▶ **WHAT IS EXPECTED**:
Leave out every picture, then transcribe the rest of the listing exactly.

▶ **DATASET EXCERPT**:
|---|
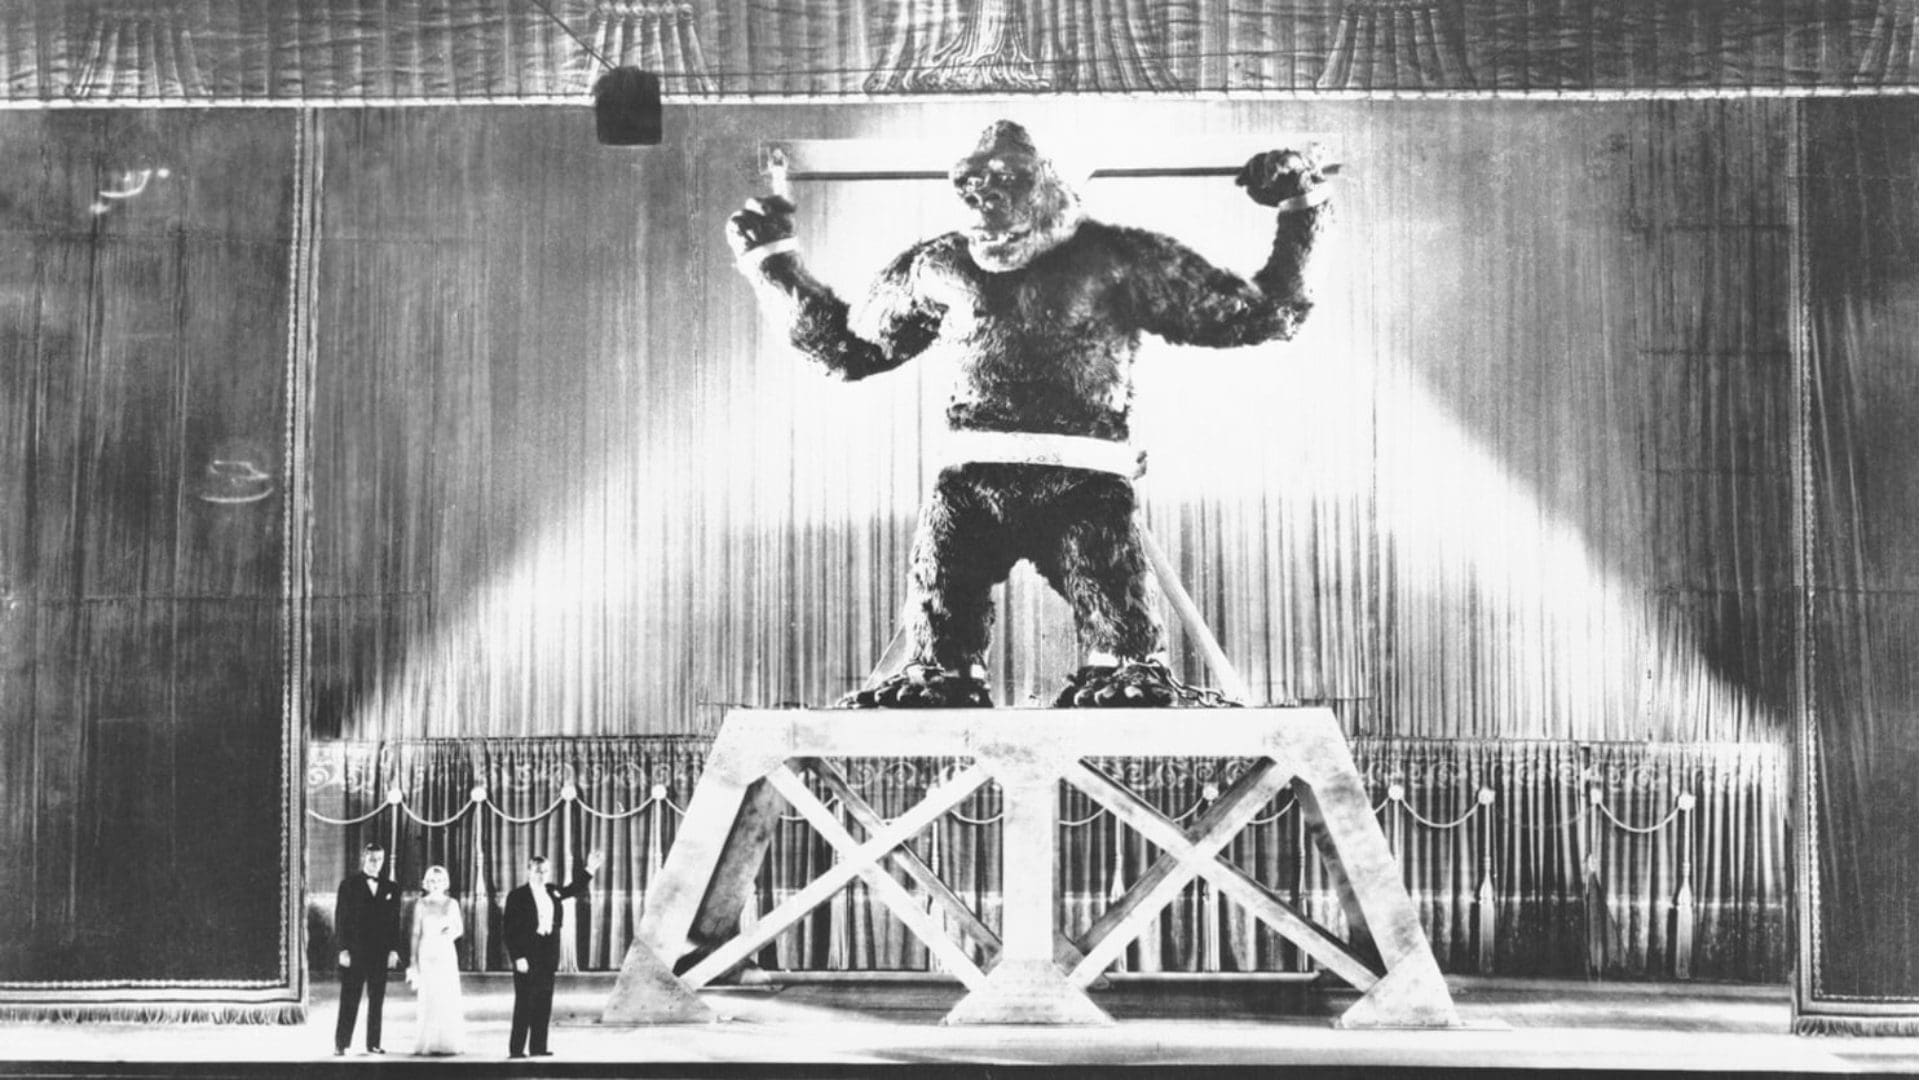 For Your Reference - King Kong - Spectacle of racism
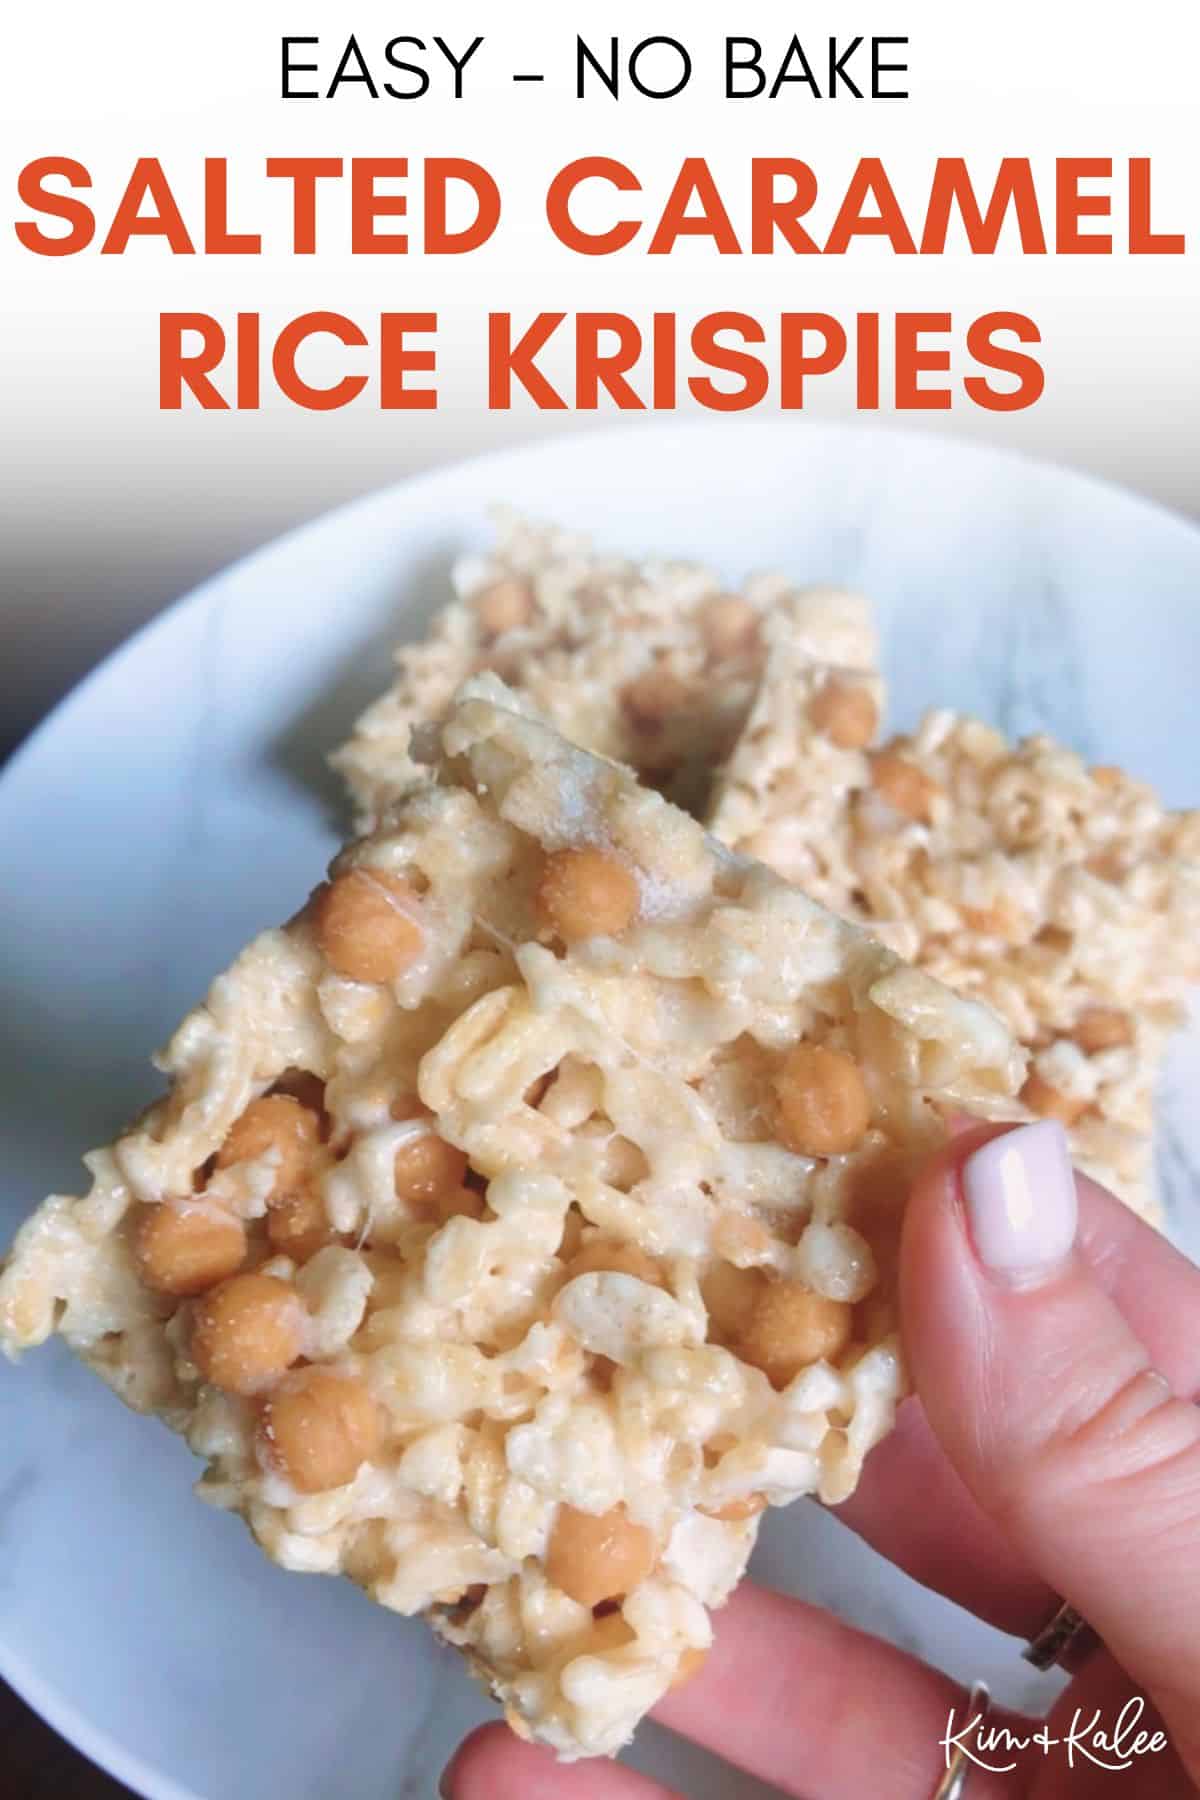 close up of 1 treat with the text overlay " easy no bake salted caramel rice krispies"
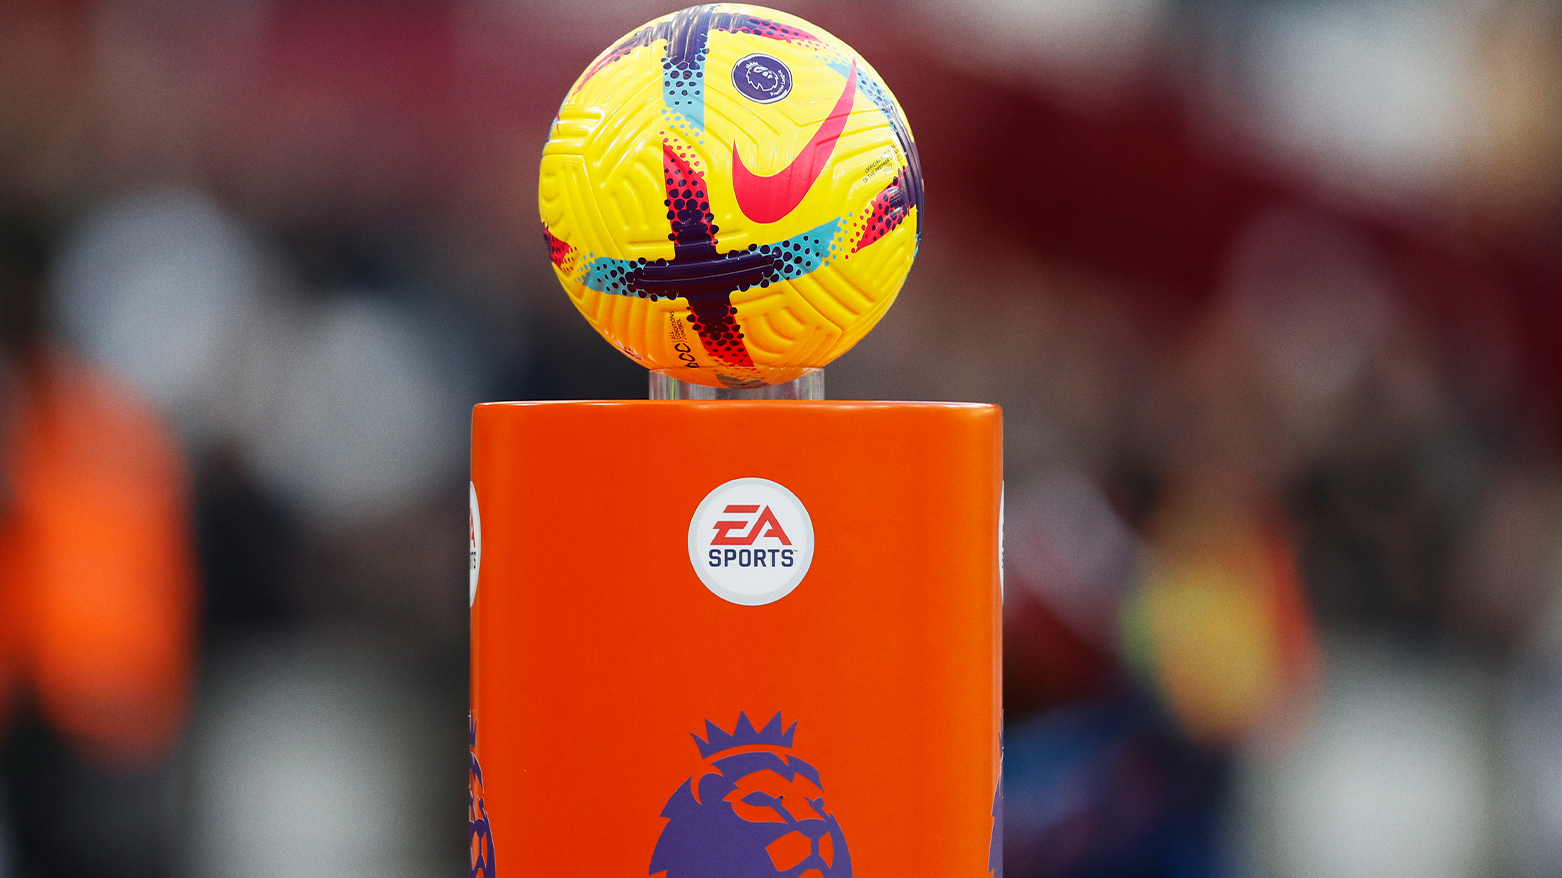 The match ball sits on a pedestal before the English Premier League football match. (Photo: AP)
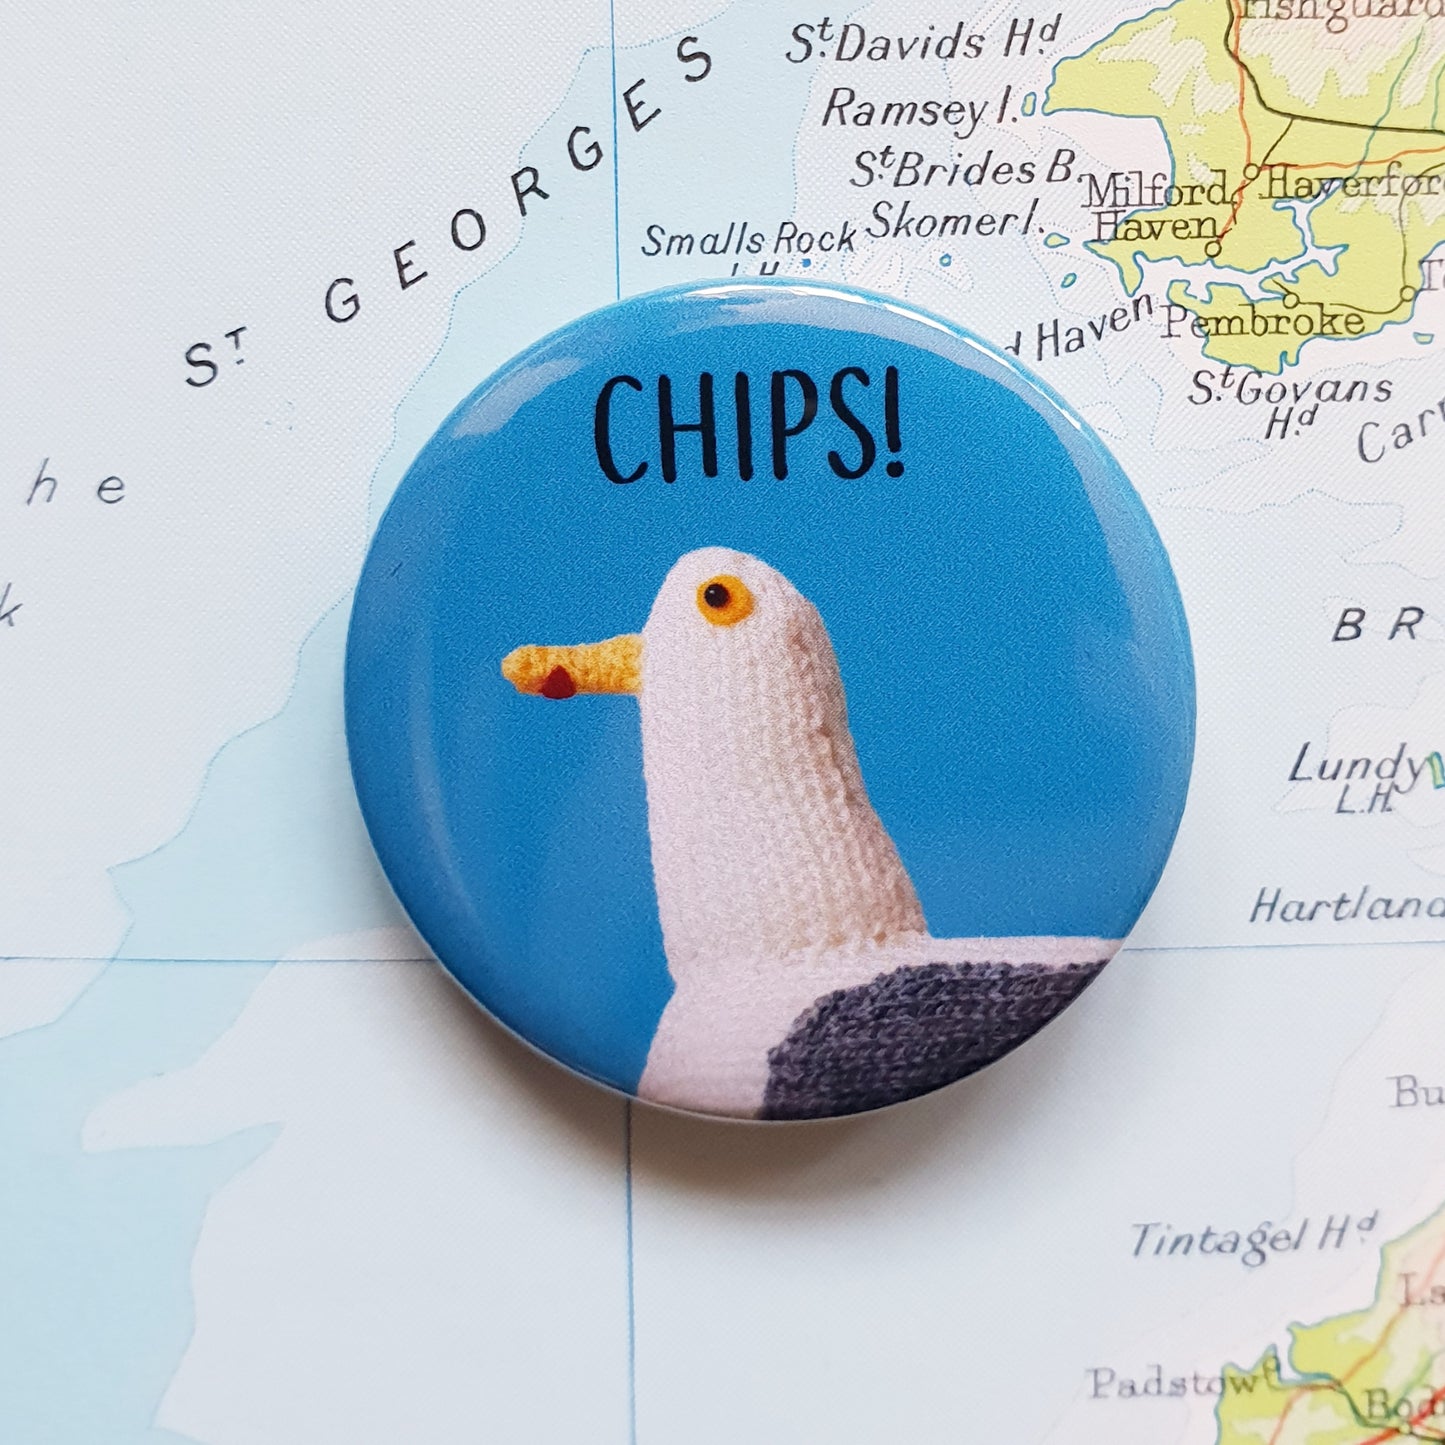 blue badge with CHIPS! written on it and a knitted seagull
|---|
▶ **SOLVED PROBLEM**:
 For Your Reference - King Kong - Spectacle of racism
 close up of 1 treat with the text overlay " easy no bake salted caramel rice krispies"
 The match ball sits on a pedestal before the English Premier League football match. (Photo: AP)
 blue badge with CHIPS! written on it and a knitted seagull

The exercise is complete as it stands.